- Episode no.: Season 4 Episode 17
- Directed by: Adam Bernstein
- Written by: Debra Fordham
- Production code: 417
- Original air date: February 15, 2005

Guest appearances
- Clay Aiken as Kenny; Ken Lerner as Mr. James; Deonté Gordon as Figsack; Jeremy Howard as Fat Frank; Dave Martel as Dave Martel; Chrystee Pharris-Larkins as Kylie;

Episode chronology
| ← Previous "My Quarantine" | Next → "My Roommates" |
- Scrubs season 4

= My Life in Four Cameras =

"My Life in Four Cameras" is the seventeenth episode of the fourth season and 85th overall episode of the American television sitcom Scrubs. Written by Debra Fordham and directed Adam Bernstein, it originally aired on February 15, 2005 on NBC.

==Plot==
This episode is an homage to the traditional multi-camera sitcom, and, specifically, Cheers (which also aired on NBC). Unlike traditional sitcoms, Scrubs uses a single camera setup, no laugh track, and is not filmed before a live studio audience. During an extended dream sequence, J.D. imagines what his life would be like if it were a sitcom. This sequence was actually filmed in a multi-camera setup with a laugh track and studio audience; as well as featuring low-cut outfits for the female characters, a less realistic hospital set, brighter lighting, broader humor, a fairly contrived plot, and a guest star named Kenny (Clay Aiken). In addition, a featured patient in the episode is fictional Cheers writer Charles James, a combination of Cheers three creators James Burrows, Glen Charles, and Les Charles. The episode makes repeated comments about these "traditional" sitcoms.

As the episode opens, Carla is trying to compete with the idea of Kylie and J.D.'s relationship, but Turk isn't reciprocating her attempts. A new E. coli scare on the news then results in a huge crowd of people coming to a hospital worried that they are infected.
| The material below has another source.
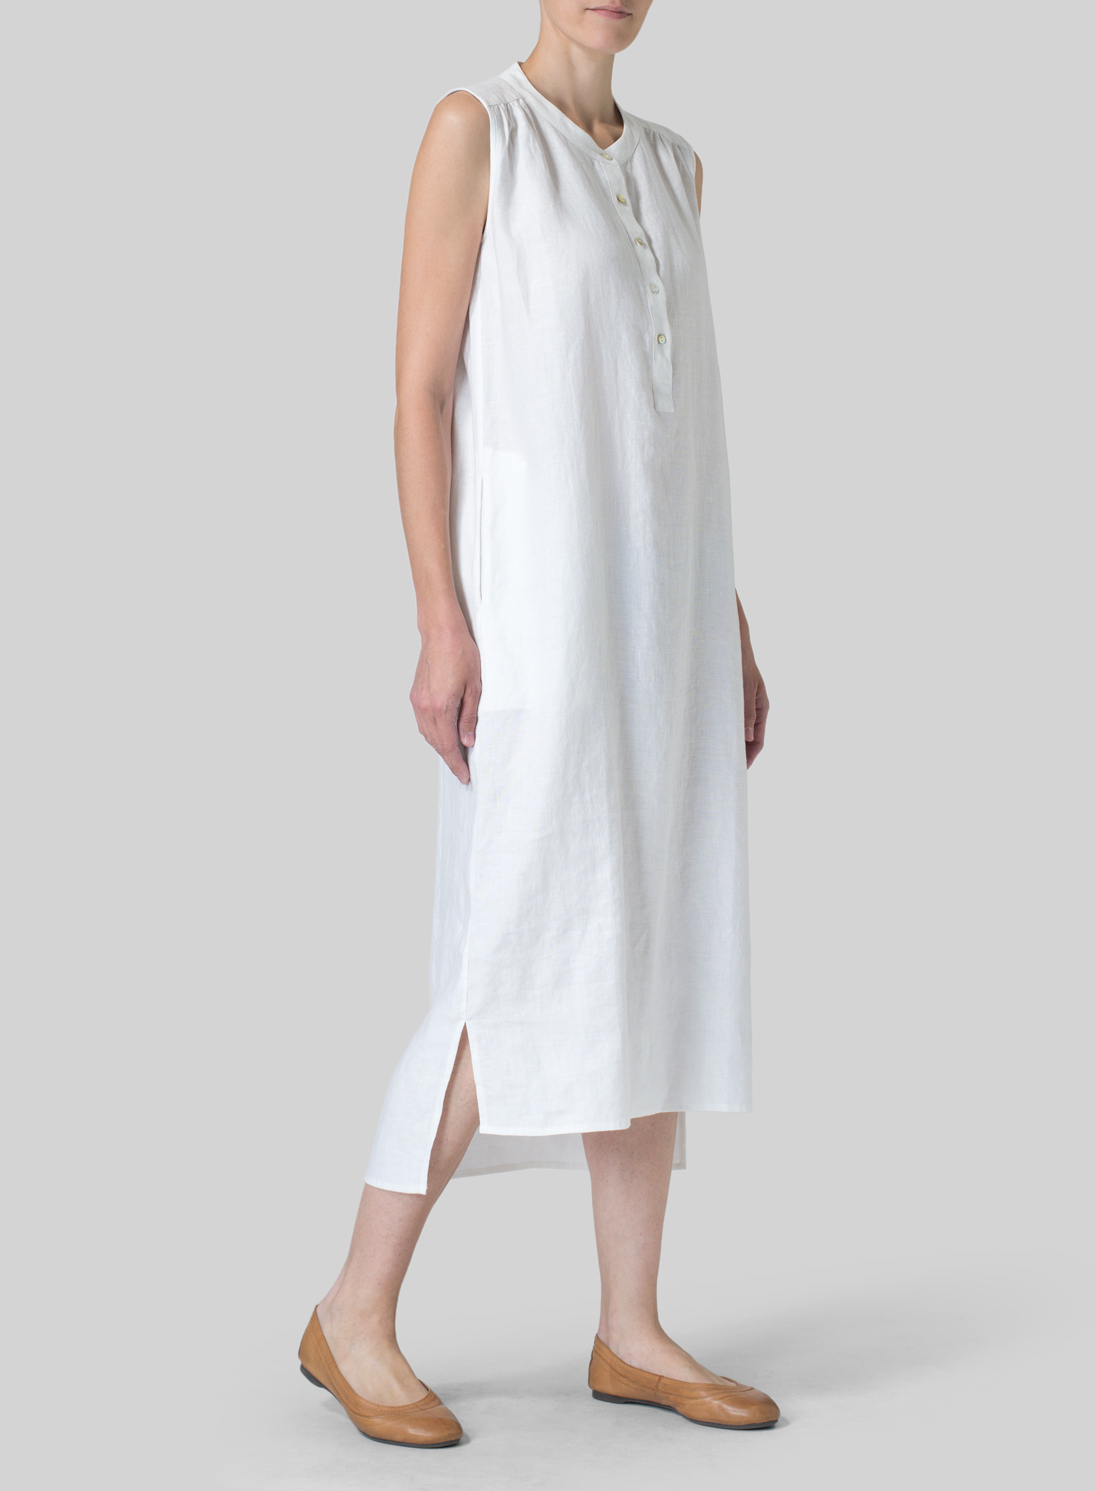 White Linen Slip On Dress - Plus Size

J.D. and Turk meet a famous writer for Cheers. It turns out he has lung cancer. In the sitcom fantasy, he lives following the discovery that his chart was mixed up with that of another patient with a similar name ("This chart isn't for Charles James, it's for James Charles! And who cares about him, he’s anti-Semitic"). While J.D. is saying aloud his thoughts and what he's learned, the sitcom writer faints, to which J.D. responds that this is wrong. The show returns to its normal setting, where the sitcom writer has died.

Meanwhile, Kelso needs to do some budget cuts, and he figures out he has to fire someone. Dr. Cox bets that he can do it without firing anyone, but after many hours of working, he finds that it is inevitable. The next day at lunch, Janitor points out all the cafeteria workers Dr. Cox shouldn't fire. Finally, he points out Kenny, who pours the coffee; he happens to be the newest cafeteria worker. When the show switches to "JD’s Sitcom Fantasy", a talent show happens at the hospital (with the prize being exactly the same amount that the hospital needs to save). Everyone tries their best, J.D. doing his famous "World's most giant Doctor" act, when finally Kenny sings and wins the money. However, when the sitcom fantasy ends, Dr. Cox does have to fire Kenny for real. Carla and Turk sit down to work out their problems in their relationship. And J.D. sits down at home to watch a sitcom.

==Production details==
The version of the Cheers theme song performed by Colin Hay in the original airing of this episode has been removed from subsequent airings and is not heard in the DVD release due to copyright laws.

According to commentaries, many of the male cast "suggested" to Bill Lawrence that the scantily-clad nurses should remain in the series. One of models portraying these scantily-clad nurses was sexually harassed by series writer and accused serial rapist Eric Weinberg.

==Critical reception==
Brian Ford Sullivan of thefutoncritic.com listed the episode as one of the top 50 television episodes of 2005.